"""

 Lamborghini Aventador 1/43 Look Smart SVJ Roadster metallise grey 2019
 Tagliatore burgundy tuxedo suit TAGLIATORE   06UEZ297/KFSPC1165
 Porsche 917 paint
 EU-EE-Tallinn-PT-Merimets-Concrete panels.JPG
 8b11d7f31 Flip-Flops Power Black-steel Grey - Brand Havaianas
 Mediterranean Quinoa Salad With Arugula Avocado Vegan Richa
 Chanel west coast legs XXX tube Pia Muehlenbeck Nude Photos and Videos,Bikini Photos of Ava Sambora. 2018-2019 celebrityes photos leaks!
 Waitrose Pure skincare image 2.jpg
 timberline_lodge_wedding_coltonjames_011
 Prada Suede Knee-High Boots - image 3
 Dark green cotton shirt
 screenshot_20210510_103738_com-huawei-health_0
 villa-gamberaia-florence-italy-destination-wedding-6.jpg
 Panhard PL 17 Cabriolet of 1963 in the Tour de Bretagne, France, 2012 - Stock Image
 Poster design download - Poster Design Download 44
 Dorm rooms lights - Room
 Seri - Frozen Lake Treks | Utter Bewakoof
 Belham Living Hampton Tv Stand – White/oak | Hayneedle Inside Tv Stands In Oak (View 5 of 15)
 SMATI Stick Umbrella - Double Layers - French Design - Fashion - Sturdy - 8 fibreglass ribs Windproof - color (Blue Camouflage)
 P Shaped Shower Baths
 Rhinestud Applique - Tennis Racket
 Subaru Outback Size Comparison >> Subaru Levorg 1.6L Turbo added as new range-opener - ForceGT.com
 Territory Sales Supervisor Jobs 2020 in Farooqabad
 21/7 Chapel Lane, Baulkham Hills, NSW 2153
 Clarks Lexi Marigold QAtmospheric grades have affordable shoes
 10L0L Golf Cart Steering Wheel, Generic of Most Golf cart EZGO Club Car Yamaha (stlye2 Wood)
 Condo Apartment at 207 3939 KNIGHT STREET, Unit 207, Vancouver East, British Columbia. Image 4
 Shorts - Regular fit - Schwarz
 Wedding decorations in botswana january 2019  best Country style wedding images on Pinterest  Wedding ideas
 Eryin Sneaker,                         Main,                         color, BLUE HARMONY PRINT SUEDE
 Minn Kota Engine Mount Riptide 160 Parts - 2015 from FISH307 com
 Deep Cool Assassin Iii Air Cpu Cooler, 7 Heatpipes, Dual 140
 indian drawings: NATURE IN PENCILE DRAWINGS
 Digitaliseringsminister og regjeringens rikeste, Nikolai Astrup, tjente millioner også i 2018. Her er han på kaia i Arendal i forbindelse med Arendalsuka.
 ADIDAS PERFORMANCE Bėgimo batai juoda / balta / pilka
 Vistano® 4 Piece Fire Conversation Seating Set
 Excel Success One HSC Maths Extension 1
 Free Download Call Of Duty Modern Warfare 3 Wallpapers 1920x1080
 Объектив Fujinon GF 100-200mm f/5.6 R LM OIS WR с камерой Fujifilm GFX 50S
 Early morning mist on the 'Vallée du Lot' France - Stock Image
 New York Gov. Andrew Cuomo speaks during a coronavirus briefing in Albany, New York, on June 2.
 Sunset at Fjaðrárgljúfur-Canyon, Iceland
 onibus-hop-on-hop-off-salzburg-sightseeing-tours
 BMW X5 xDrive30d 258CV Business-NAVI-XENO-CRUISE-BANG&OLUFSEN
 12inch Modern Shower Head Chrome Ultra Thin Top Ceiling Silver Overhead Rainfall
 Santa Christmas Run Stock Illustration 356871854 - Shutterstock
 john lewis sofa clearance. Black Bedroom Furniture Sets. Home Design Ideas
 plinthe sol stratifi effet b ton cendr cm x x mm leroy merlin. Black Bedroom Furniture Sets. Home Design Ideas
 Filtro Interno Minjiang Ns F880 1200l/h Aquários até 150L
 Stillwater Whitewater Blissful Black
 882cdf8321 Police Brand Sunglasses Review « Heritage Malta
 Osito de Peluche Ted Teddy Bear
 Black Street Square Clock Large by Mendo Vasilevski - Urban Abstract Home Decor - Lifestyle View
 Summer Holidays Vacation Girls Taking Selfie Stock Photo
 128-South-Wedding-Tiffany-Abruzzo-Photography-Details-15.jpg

"""

(ACTIVITY):
Lines before the one containing "Excel Success One HSC Maths Extension 1" are to be left out; that line and every line after it through the end of the data should be copied exactly.

(RESPONSE BOX):
 Excel Success One HSC Maths Extension 1
 Free Download Call Of Duty Modern Warfare 3 Wallpapers 1920x1080
 Объектив Fujinon GF 100-200mm f/5.6 R LM OIS WR с камерой Fujifilm GFX 50S
 Early morning mist on the 'Vallée du Lot' France - Stock Image
 New York Gov. Andrew Cuomo speaks during a coronavirus briefing in Albany, New York, on June 2.
 Sunset at Fjaðrárgljúfur-Canyon, Iceland
 onibus-hop-on-hop-off-salzburg-sightseeing-tours
 BMW X5 xDrive30d 258CV Business-NAVI-XENO-CRUISE-BANG&OLUFSEN
 12inch Modern Shower Head Chrome Ultra Thin Top Ceiling Silver Overhead Rainfall
 Santa Christmas Run Stock Illustration 356871854 - Shutterstock
 john lewis sofa clearance. Black Bedroom Furniture Sets. Home Design Ideas
 plinthe sol stratifi effet b ton cendr cm x x mm leroy merlin. Black Bedroom Furniture Sets. Home Design Ideas
 Filtro Interno Minjiang Ns F880 1200l/h Aquários até 150L
 Stillwater Whitewater Blissful Black
 882cdf8321 Police Brand Sunglasses Review « Heritage Malta
 Osito de Peluche Ted Teddy Bear
 Black Street Square Clock Large by Mendo Vasilevski - Urban Abstract Home Decor - Lifestyle View
 Summer Holidays Vacation Girls Taking Selfie Stock Photo
 128-South-Wedding-Tiffany-Abruzzo-Photography-Details-15.jpg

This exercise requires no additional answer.